4 Types of Work in Automated Persuasion
We organise the computational literature on persuasion into three capability classes, ordered by the direction of the information flow relative to the persuasion act:
| Capability | Direction | Goal |
|---|---|---|
| Descriptive | Observation → Explanation | Explain and measure persuasion in existing content |
| Simulative | Content → Predicted Response | Predict human persuasive response before it occurs |
| Generative | Target → Optimised Content | Create maximally persuasive content for a given audience |
4.1 Descriptive Capabilities
Descriptive systems explain the mechanics of persuasion in observed content. The core task is understanding what properties of content correlate with persuasive outcomes.

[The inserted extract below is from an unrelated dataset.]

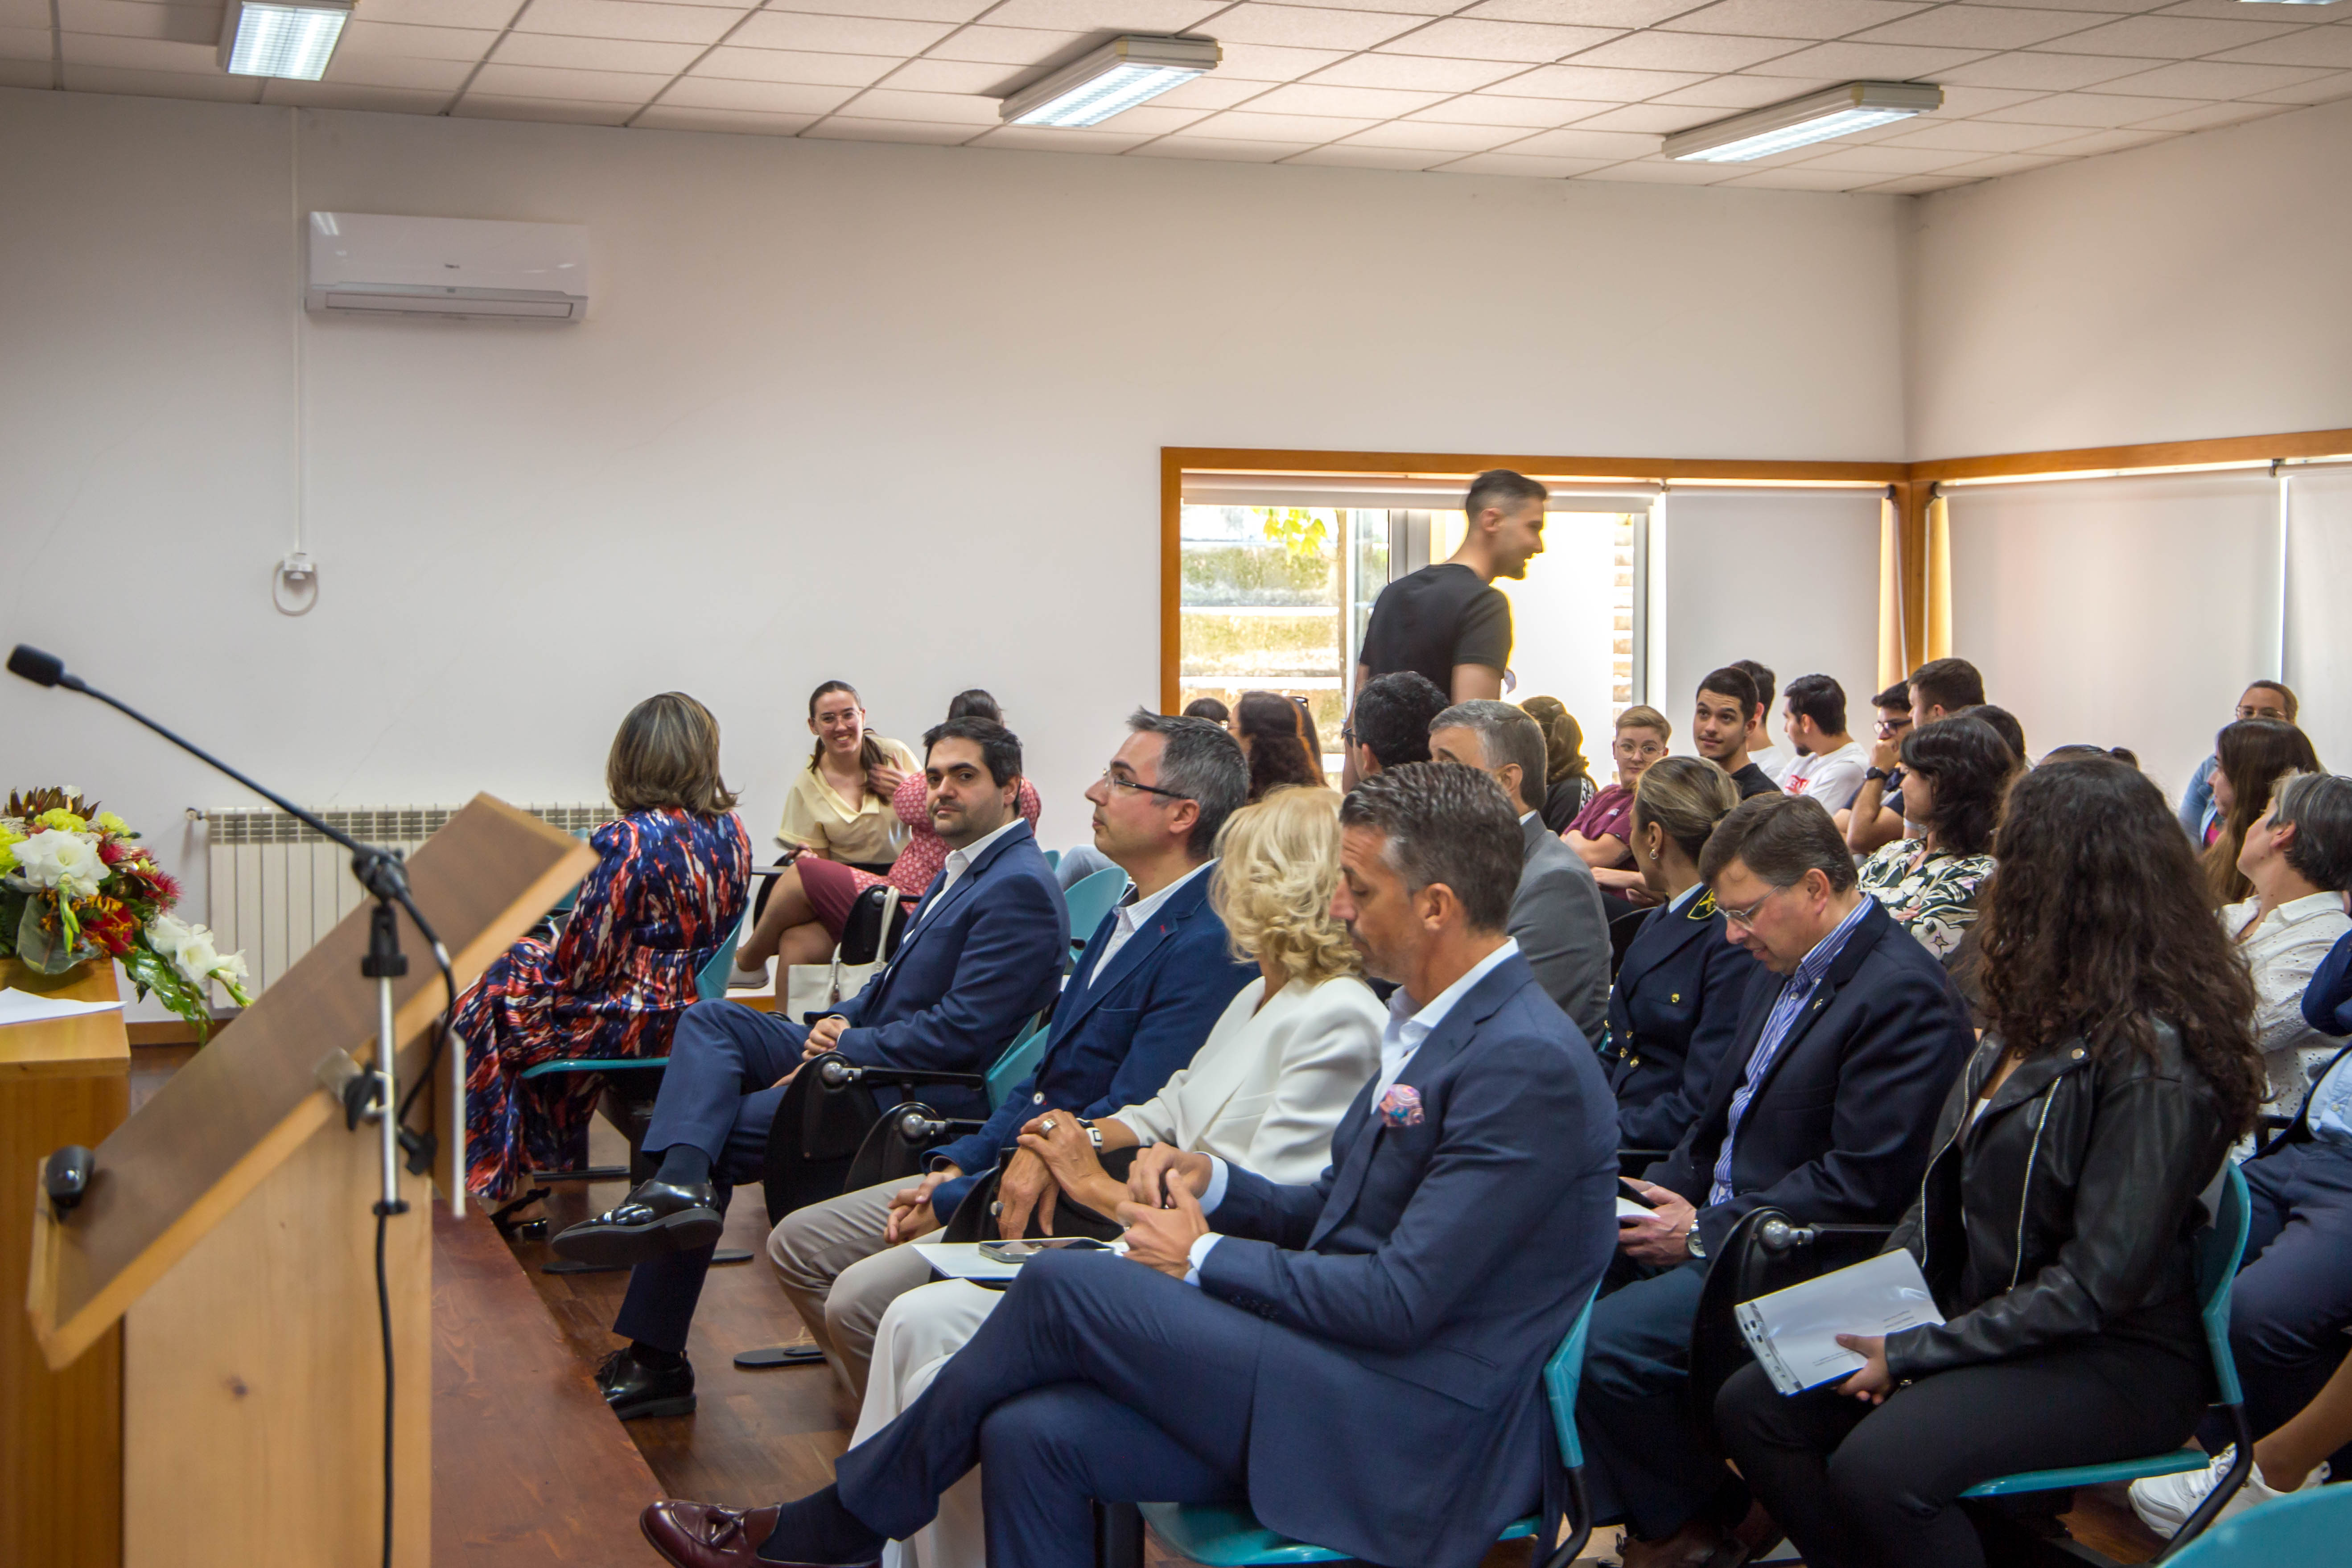 Sessão Comemorativa do 9.º Aniversário do ISCE Douro

4.1.1 Content Capabilities
Understanding persuasive content requires parsing three intertwined signals:
- Content and Logic
- The quality of arguments, the presence of logical fallacies, the structure of reasoning chains. Computational argumentation mining extracts and classifies these automatically.
- Advertisements
- Visual and multimodal persuasion; predicting ad memorability, click-through, and brand recall from image and video features.
- Emotion and Affect
- Sentiment analysis, emotion recognition, and the mapping of affective content to persuasive outcomes across different demographics.
4.2 Simulative Capabilities
Simulative systems predict how a given person or population will respond to a given message before the message is deployed. This is hard because persuasive effects are moderated by audience characteristics that are rarely directly observed.
Representative lines of work:
- Can Language Models Recognise Convincing Arguments? — testing LLMs as judges of argument quality
- Measuring and Increasing Persuasiveness of Large Language Models [1]
- Memorability prediction from content and context
4.2.1 Single Person
Micro-targeting and personalisation — predicting individual response. Key challenge: the privacy vs. effectiveness trade-off.
4.2.2 Interpersonal Interaction
Section under active development.
4.2.3 Societal
- Propaganda detection
- Predicting opinion shifts in populations
4.2.4 Opinion Dynamics
Agent-based models of belief propagation; echo chambers and filter bubbles.
4.2.5 Content Recommendation
Given an audience, select the content that maximises a persuasive objective.
4.2.6 Audience Selection
Given a piece of content, identify the audience for which it will be most persuasive.
4.3 Generative Capabilities
Generative systems produce persuasive content optimised for a particular configuration of audience, time, channel, sender, and topic. This is the most powerful — and ethically fraught — capability class.
Large language models have dramatically lowered the cost of generating fluent, targeted persuasive text at scale. This raises questions that the research community is only beginning to confront: How persuasive are LLM-generated messages compared to human-written ones? Under what conditions do they outperform human writers? What disclosure obligations do deployers have?
If an AI system can generate a message that is more persuasive than any human writer could produce, targeted at a single individual, delivered via the channel and at the time of greatest receptivity — what governance structures should constrain its deployment?